Exercise requirements: Return, unaltered, every line from the beginning of the material below up to and including the one with "Таблица П.8.2. Теплоемкость".

Data under study:
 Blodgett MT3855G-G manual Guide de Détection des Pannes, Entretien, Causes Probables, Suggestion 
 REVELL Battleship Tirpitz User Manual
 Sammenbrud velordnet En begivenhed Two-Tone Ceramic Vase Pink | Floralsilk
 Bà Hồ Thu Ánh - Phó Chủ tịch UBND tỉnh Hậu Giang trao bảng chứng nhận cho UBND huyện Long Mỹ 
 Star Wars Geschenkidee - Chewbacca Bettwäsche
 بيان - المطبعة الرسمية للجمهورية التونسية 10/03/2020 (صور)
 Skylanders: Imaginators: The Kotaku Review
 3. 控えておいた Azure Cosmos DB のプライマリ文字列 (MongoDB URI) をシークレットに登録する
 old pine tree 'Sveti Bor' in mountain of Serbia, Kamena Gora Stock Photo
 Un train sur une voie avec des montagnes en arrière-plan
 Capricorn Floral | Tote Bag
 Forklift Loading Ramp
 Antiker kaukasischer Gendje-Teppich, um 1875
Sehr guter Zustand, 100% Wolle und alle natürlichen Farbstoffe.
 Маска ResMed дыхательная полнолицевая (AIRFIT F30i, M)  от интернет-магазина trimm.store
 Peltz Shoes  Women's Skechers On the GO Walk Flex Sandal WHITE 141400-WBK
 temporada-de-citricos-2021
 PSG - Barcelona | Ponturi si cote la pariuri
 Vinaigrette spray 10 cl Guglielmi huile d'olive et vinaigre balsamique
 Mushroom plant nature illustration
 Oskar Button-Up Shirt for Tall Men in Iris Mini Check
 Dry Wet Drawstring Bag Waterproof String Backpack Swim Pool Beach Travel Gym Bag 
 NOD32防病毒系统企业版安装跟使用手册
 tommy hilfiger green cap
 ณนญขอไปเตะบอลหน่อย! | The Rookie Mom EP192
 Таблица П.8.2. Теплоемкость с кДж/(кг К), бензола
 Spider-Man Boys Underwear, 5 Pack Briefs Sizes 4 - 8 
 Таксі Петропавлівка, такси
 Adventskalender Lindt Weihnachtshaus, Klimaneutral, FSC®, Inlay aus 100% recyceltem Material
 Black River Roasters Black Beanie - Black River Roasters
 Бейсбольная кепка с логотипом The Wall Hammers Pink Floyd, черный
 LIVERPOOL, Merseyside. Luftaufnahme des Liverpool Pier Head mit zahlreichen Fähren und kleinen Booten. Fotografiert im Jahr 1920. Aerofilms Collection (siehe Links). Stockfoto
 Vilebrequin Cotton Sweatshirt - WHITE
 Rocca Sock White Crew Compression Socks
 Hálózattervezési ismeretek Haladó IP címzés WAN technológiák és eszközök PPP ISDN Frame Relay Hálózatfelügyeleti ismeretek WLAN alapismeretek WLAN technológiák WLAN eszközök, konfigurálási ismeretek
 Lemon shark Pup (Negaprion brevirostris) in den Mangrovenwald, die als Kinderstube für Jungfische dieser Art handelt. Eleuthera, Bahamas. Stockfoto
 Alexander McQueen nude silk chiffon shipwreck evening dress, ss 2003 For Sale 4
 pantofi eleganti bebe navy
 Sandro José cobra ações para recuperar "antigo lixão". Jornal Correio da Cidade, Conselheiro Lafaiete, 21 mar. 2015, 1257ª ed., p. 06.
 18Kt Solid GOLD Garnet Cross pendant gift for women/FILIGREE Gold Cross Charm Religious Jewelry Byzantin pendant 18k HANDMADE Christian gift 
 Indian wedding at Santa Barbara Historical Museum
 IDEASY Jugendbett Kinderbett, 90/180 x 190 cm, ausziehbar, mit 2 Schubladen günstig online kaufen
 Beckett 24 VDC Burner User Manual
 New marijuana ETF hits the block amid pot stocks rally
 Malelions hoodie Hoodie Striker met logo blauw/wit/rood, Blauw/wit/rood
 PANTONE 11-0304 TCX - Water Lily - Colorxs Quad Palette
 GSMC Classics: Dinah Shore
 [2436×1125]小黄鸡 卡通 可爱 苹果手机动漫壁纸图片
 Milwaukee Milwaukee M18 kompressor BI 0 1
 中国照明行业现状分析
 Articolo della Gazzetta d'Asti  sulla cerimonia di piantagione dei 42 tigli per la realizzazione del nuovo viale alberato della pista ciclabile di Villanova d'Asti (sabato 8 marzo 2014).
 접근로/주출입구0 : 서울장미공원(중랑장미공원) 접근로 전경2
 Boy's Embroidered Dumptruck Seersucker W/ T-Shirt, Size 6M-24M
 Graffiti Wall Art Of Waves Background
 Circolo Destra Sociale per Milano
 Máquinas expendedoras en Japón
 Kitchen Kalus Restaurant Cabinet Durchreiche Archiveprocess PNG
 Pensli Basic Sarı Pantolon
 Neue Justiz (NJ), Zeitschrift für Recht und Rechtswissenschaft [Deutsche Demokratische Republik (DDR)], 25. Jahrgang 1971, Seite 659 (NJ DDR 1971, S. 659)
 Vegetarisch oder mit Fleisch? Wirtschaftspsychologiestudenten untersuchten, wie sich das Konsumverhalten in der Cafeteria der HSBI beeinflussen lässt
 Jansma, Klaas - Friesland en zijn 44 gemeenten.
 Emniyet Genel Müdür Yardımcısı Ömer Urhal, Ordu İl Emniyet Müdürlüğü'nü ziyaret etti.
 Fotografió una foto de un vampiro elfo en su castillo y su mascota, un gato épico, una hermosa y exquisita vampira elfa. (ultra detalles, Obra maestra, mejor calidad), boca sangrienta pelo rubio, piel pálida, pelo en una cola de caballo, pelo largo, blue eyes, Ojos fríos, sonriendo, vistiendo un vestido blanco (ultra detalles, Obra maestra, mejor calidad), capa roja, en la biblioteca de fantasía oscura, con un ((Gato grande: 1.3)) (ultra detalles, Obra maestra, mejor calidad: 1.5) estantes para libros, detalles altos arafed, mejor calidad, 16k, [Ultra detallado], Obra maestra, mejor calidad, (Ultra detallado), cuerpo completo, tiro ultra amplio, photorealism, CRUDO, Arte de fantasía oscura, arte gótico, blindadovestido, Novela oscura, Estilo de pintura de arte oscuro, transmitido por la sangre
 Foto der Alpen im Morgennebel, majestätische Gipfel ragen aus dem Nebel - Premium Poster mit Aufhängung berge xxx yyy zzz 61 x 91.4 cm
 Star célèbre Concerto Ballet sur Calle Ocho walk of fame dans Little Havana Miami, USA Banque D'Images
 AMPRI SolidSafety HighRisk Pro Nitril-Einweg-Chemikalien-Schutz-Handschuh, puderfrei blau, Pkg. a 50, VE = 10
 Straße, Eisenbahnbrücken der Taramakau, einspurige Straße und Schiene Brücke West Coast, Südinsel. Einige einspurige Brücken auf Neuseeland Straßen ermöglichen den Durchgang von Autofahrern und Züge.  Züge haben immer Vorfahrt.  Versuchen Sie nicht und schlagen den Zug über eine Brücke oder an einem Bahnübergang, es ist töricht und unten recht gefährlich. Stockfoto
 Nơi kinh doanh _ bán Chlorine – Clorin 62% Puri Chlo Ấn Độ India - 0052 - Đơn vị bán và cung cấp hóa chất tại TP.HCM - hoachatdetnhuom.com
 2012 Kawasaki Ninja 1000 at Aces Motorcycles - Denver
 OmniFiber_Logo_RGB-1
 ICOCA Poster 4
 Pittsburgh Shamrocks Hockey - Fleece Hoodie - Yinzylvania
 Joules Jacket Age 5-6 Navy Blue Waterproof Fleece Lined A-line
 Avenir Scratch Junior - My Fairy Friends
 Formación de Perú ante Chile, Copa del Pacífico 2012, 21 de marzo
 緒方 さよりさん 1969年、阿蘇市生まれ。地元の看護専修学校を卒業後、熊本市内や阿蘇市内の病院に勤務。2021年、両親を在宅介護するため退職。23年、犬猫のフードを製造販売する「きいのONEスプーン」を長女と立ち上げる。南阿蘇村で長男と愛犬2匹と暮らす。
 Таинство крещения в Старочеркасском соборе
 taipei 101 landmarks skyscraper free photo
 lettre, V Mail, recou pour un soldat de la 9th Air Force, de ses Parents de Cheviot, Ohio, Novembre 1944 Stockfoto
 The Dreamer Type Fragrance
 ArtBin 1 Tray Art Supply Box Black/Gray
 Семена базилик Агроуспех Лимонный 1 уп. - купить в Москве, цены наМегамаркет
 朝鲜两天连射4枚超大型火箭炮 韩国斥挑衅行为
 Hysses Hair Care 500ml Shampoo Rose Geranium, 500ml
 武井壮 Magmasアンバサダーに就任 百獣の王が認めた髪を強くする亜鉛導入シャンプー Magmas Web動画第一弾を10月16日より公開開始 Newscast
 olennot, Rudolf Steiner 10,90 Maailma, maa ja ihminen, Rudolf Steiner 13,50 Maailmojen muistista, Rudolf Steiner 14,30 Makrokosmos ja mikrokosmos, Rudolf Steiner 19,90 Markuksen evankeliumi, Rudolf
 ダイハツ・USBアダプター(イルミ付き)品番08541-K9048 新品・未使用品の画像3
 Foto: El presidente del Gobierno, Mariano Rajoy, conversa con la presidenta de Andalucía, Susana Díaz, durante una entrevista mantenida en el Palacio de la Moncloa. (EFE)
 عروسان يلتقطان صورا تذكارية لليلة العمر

Answer for this exercise:
 Blodgett MT3855G-G manual Guide de Détection des Pannes, Entretien, Causes Probables, Suggestion 
 REVELL Battleship Tirpitz User Manual
 Sammenbrud velordnet En begivenhed Two-Tone Ceramic Vase Pink | Floralsilk
 Bà Hồ Thu Ánh - Phó Chủ tịch UBND tỉnh Hậu Giang trao bảng chứng nhận cho UBND huyện Long Mỹ 
 Star Wars Geschenkidee - Chewbacca Bettwäsche
 بيان - المطبعة الرسمية للجمهورية التونسية 10/03/2020 (صور)
 Skylanders: Imaginators: The Kotaku Review
 3. 控えておいた Azure Cosmos DB のプライマリ文字列 (MongoDB URI) をシークレットに登録する
 old pine tree 'Sveti Bor' in mountain of Serbia, Kamena Gora Stock Photo
 Un train sur une voie avec des montagnes en arrière-plan
 Capricorn Floral | Tote Bag
 Forklift Loading Ramp
 Antiker kaukasischer Gendje-Teppich, um 1875
Sehr guter Zustand, 100% Wolle und alle natürlichen Farbstoffe.
 Маска ResMed дыхательная полнолицевая (AIRFIT F30i, M)  от интернет-магазина trimm.store
 Peltz Shoes  Women's Skechers On the GO Walk Flex Sandal WHITE 141400-WBK
 temporada-de-citricos-2021
 PSG - Barcelona | Ponturi si cote la pariuri
 Vinaigrette spray 10 cl Guglielmi huile d'olive et vinaigre balsamique
 Mushroom plant nature illustration
 Oskar Button-Up Shirt for Tall Men in Iris Mini Check
 Dry Wet Drawstring Bag Waterproof String Backpack Swim Pool Beach Travel Gym Bag 
 NOD32防病毒系统企业版安装跟使用手册
 tommy hilfiger green cap
 ณนญขอไปเตะบอลหน่อย! | The Rookie Mom EP192
 Таблица П.8.2. Теплоемкость с кДж/(кг К), бензола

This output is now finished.